Trust me, I’m from….

by | Feb 10, 2020

There is a burgeoning perception amongst people globally that institutions increasingly serve the interests of the few over everyone. The sense of unfairness means that negative attitudes and distrust is developing towards democracy, industries and businesses.

Recent evidence continues to mount on the extent of public distrust. For instance:

  • A report by researchers from Cambridge University analysed the political sentiment of more than 4 million people, using data from survey projects that covered 154 countries between 1995 and 2020. It found that dissatisfaction with democracy is at a record high.
  • The Edelman Trust Barometer 2020 report used data from 38,000 respondents in 28 markets and found that a growing sense of inequity is undermining trust in institutions (government, media, Non-Government Organisations and business).

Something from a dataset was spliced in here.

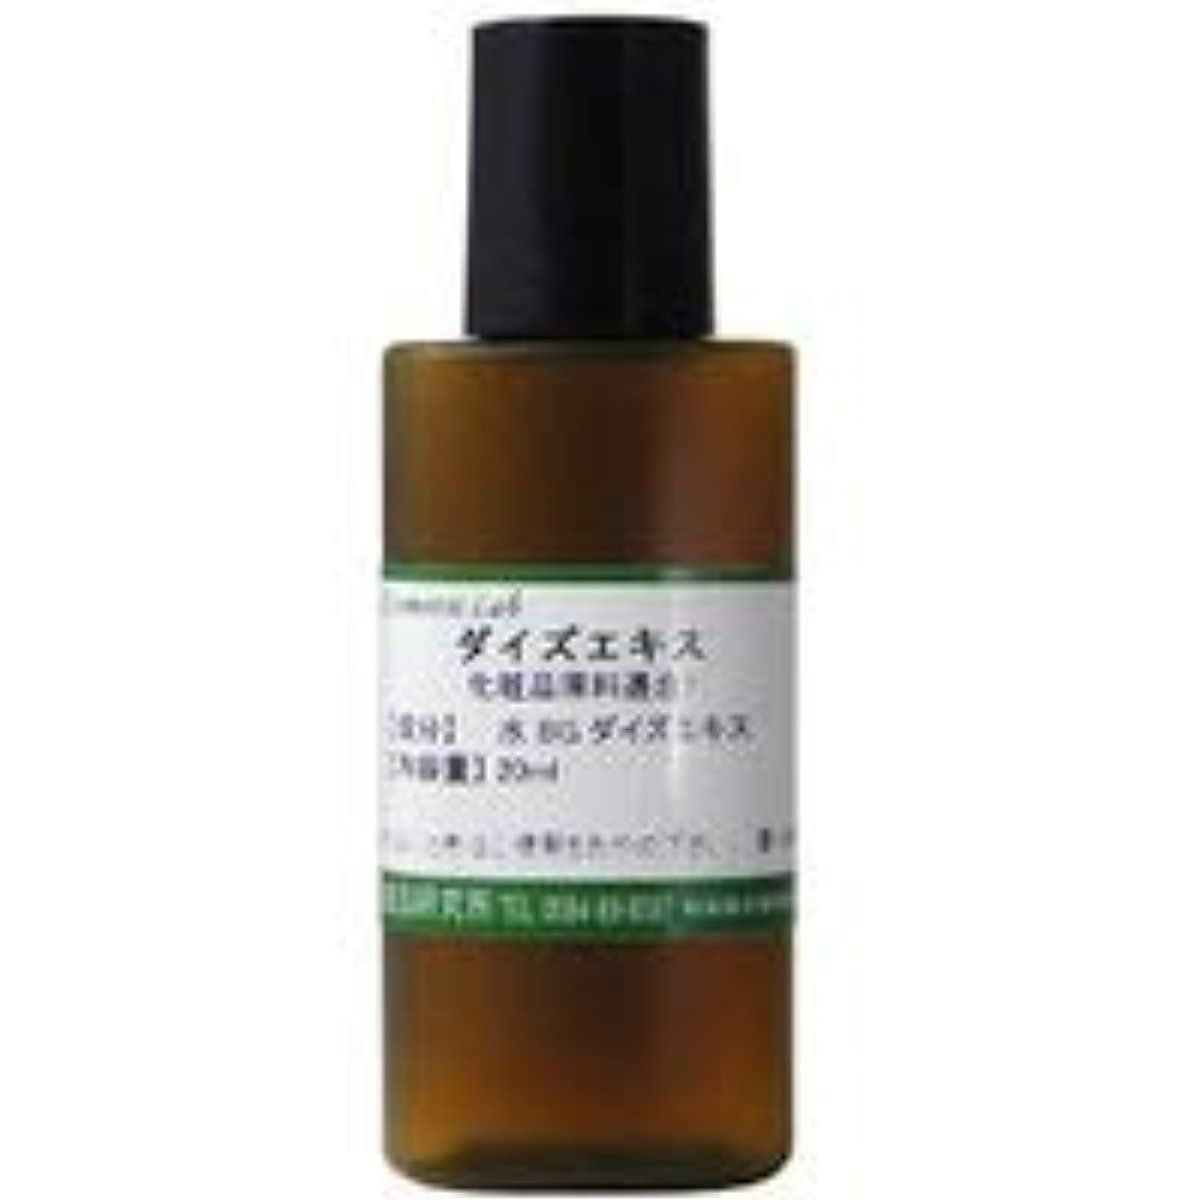 含める目の前の現代の大豆エキス 20ml 【手作り化粧品原料】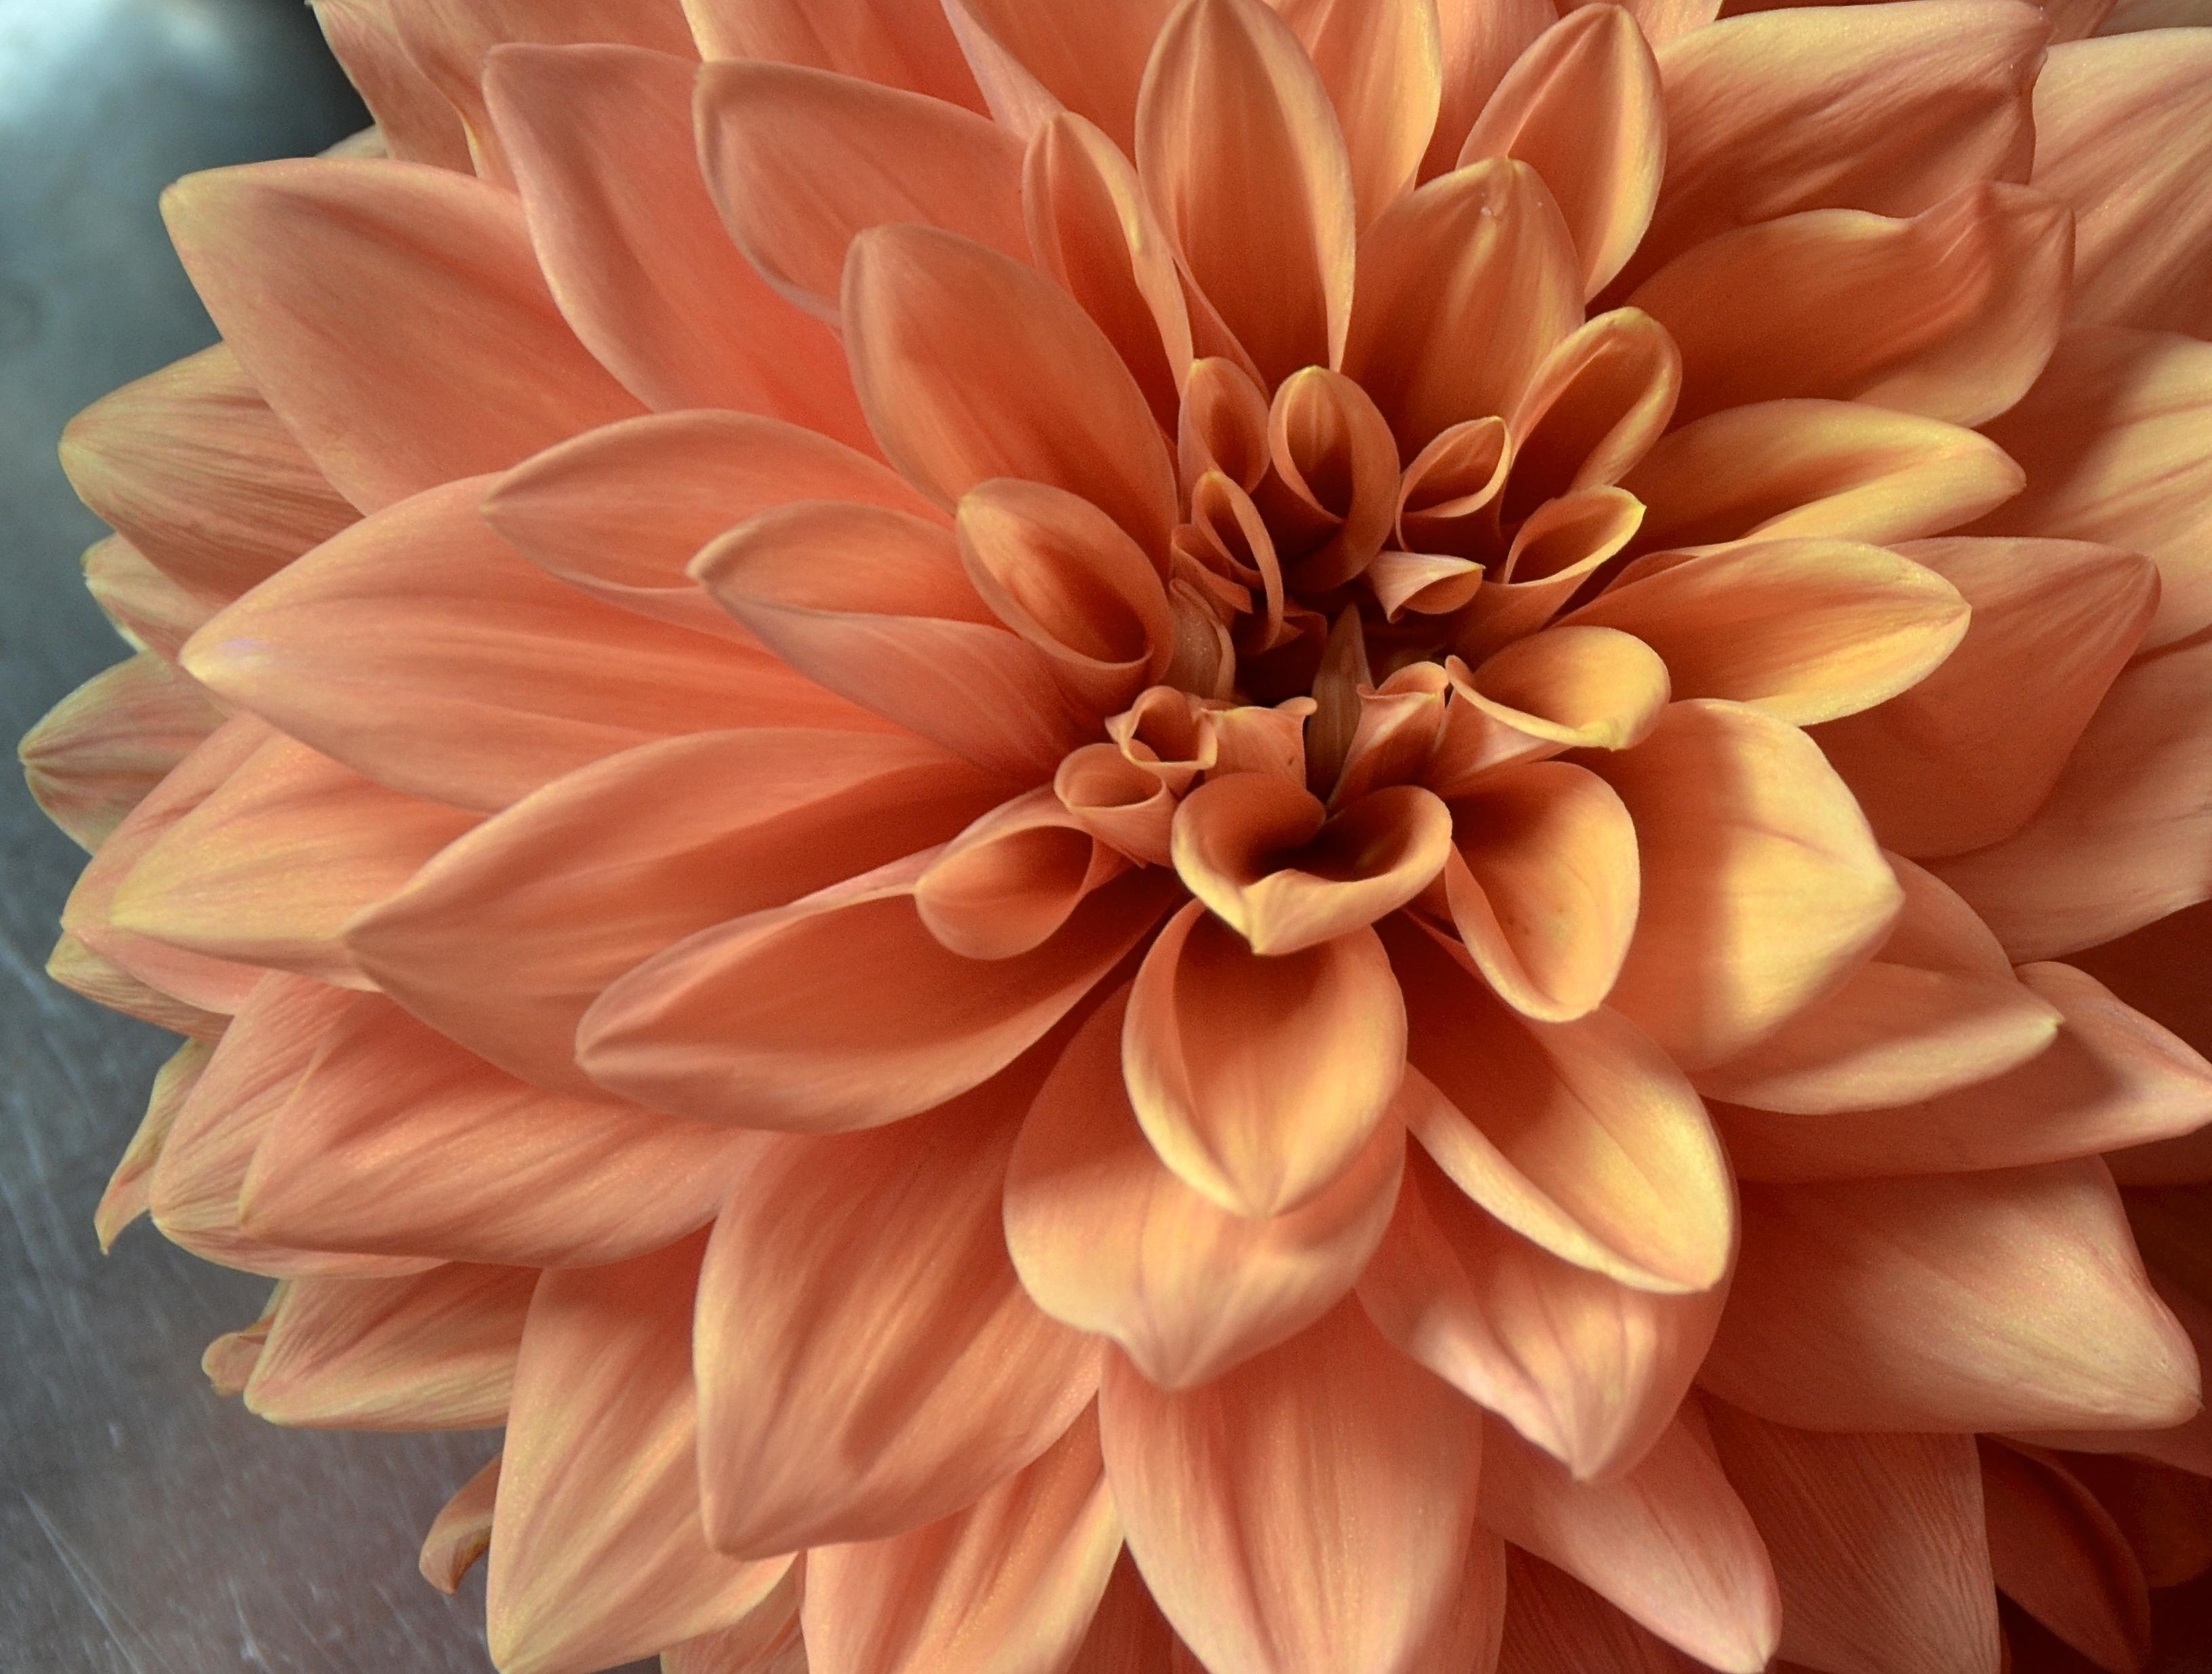 Cutting a Dahlia flower nearly needs a stepladder | Before You Garden...

For businesses, the Edelman report is especially insightful. It claims that people grant their trust based on two distinct attributes: competence (delivering on promises) and ethical behaviour (doing the right thing and working to improve society).

The research findings reveal that none of the four institutions are currently seen as both competent and ethical. Business ranks highest in competence, holding a massive 54-point edge over government. However, NGOs lead on ethical behaviour over government (a 31-point gap) and business (a 25-point gap).

Few would be shocked by the finding that government and the media – globally and in Australia – are seen as both incompetent and unethical (with government being the worst on both counts).

Community perceptions of business is one thing, but what about the perceptions of business communities towards their own institutions – the industry service organisations (ISO’s) that represent and support them?

If business participation rates are an indication of trust, then a lot of ISOs are in real trouble.

It’s quite common for most industry businesses to be disengaged from ISOs and to observe the unethical practice where ISOs that represent a minority of businesses claim to represent a whole of industry view.

Businesses quickly judge if these ISOs are really serving the interests of a select few ahead of everyone.

The good news is that business leaders can modernise industry institutions to become more inclusive and give voice to the majority. It would help in strengthening trust in industries and in business.